I Marc Trapadoux. — Jean Journet (publié dans le XIXe siècle, le 10 janvier 1887)
[...]
Pour comprendre cette chronique et celles qui suivent, il faut sans doute faire quelques présentations. D’abord le « cercle de Murger » désigne un groupe de bohèmes, légendaire en son temps, qui se surnomma « les Buveurs d’eau ». N’ayant point d’argent, ces jeunes gens se contentaient le plus souvent de commander un verre d’eau dans les cafés. Henry Murger est l’une des personnalités saillantes, comme on dit aujourd’hui, de cette bande et il raconte ses souvenirs dans un livre plus tard adapté au théâtre, Scènes de la vie de bohème en 1851, son grand succès. Les membres du club y sont dissimulés sous pseudonymes mais il n’était pas difficile pour les contemporains (dont Alexandre Schanne) de rétablir l’identité réelle des personnages du livre.
Dans la bande, il y avait des écrivains, des poètes et des peintres (par ordre alphabétique et sans exhaustivité) : Charles Barbara ; Antoine Chintreuil ; Alfred Delvau ; les frères Desbrosses ; Pierre Dupont ; Charles Guilbert ; Jules et Henry de La Madelène ; Léon Noël ; Edouard Plouvier ; Alexandre Privat d'Anglemont ; François Tabar ; Marc Trapadoux ; Armand Vastine ; Eugène Villain ; Jean Wallon ou encore Antonio Watripon.

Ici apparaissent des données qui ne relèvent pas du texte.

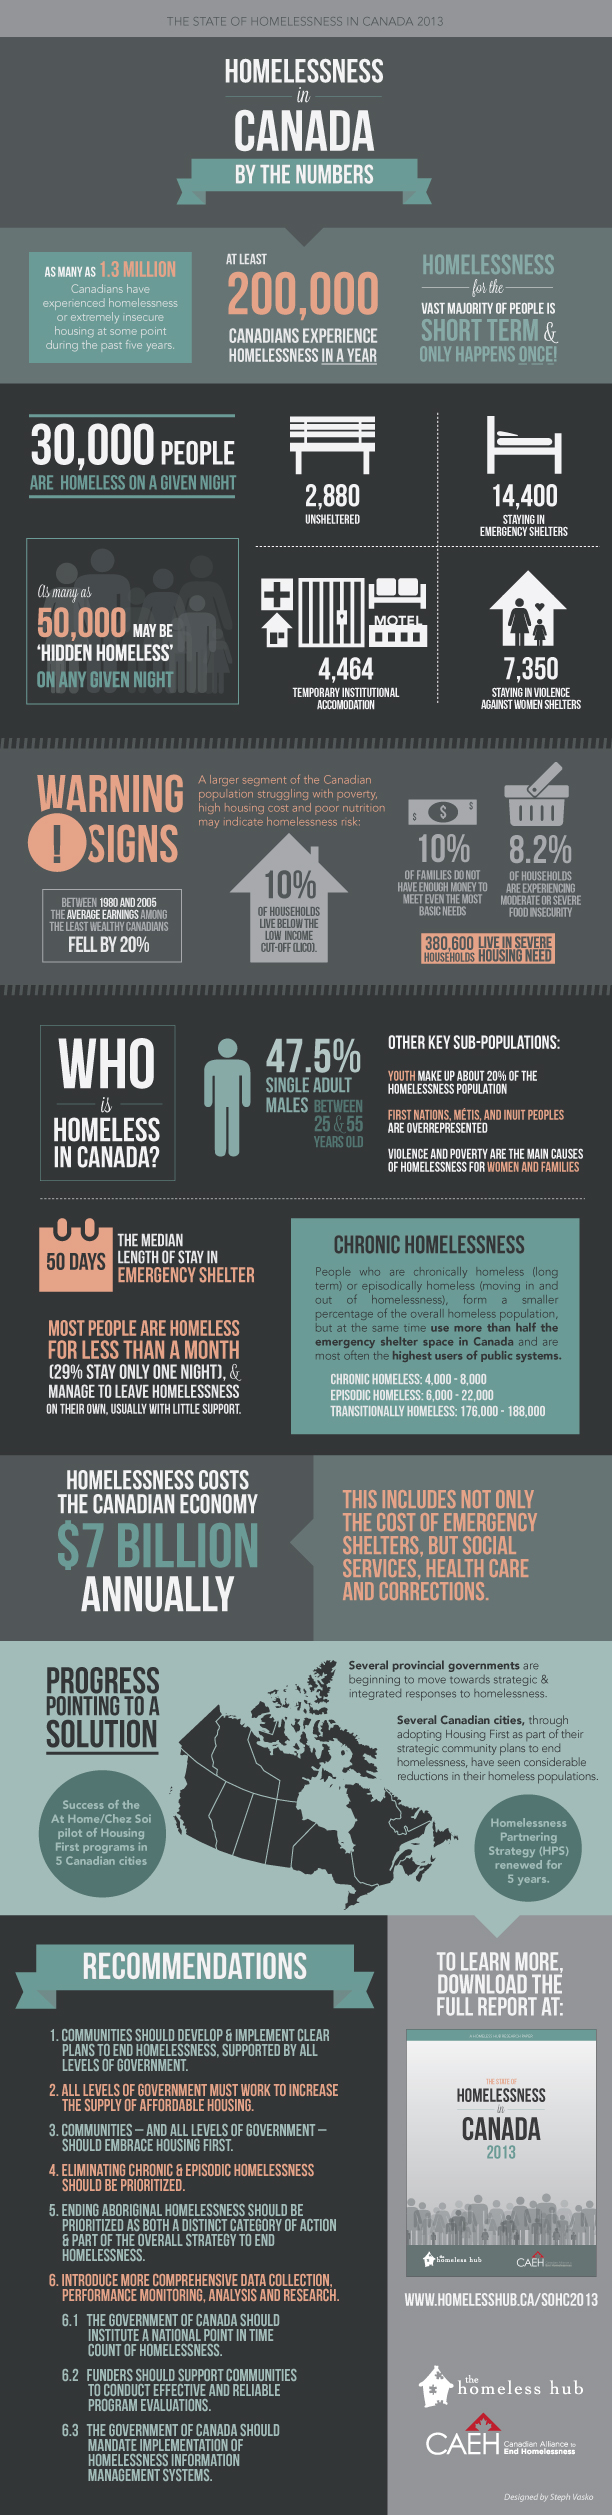 The information for the State of Homelessness in Canada 2013 report has been compiled by the Canadian Homelessness Research Network (Homeless Hub) and the Canadian Alliance to End Homelessness from the best available research to date.

Henry Murger (1822-1861) a suivi le parcours classique de la bohème : une naissance modeste (fils d’un concierge et d’une ouvrière), amitiés artistes, collaboration au Corsaire, il accède à la célébrité grâce aux Scènes de la vie de bohème. Ce livre, fondateur de la légende, donne une image pittoresque d’un mode de vie libre et joyeux. Hélas, l’humour vieillit vite, et les plaisanteries de ces jeunes gens avaient déjà perdu de leurs charmes une génération après eux. D’ailleurs Murger, dans ses écrits ultérieurs, semble renier l’existence d’artiste maudit voué à l’art pour l’art et critique la passivité de ses anciens amis qui préféraient mourir de faim plutôt que d’aller solliciter la fortune. Pour achever son parcours, il meurt en 1861 à 38 ans dans la Maison de santé municipale du Dr Dubois (aujourd’hui hôpital Fernand Widal) où sont coutumièrement envoyés les gens de lettres malades. Son enterrement est suivi par toute la bohème et donne lieu à des dizaines d’articles dans la presse.
Alexandre Schanne (1823-1887), grand ami de Murger et membre de son groupe, est décrit dans les Scènes de la vie de bohème sous le nom de Schaunard, suite à une coquille typographique (le n de Schannard transformé en u). Après quelques années, il se range du milieu artistique et de cette vie extravagante pour reprendre le magasin de jouets de son père, dans le Marais. Ce n’est qu’à la fin de son chemin, en 1886, qu’il raconte ses Souvenirs de la vie de Schaunard où il rétablit certaines vérités et dresse de longues listes de bohèmes.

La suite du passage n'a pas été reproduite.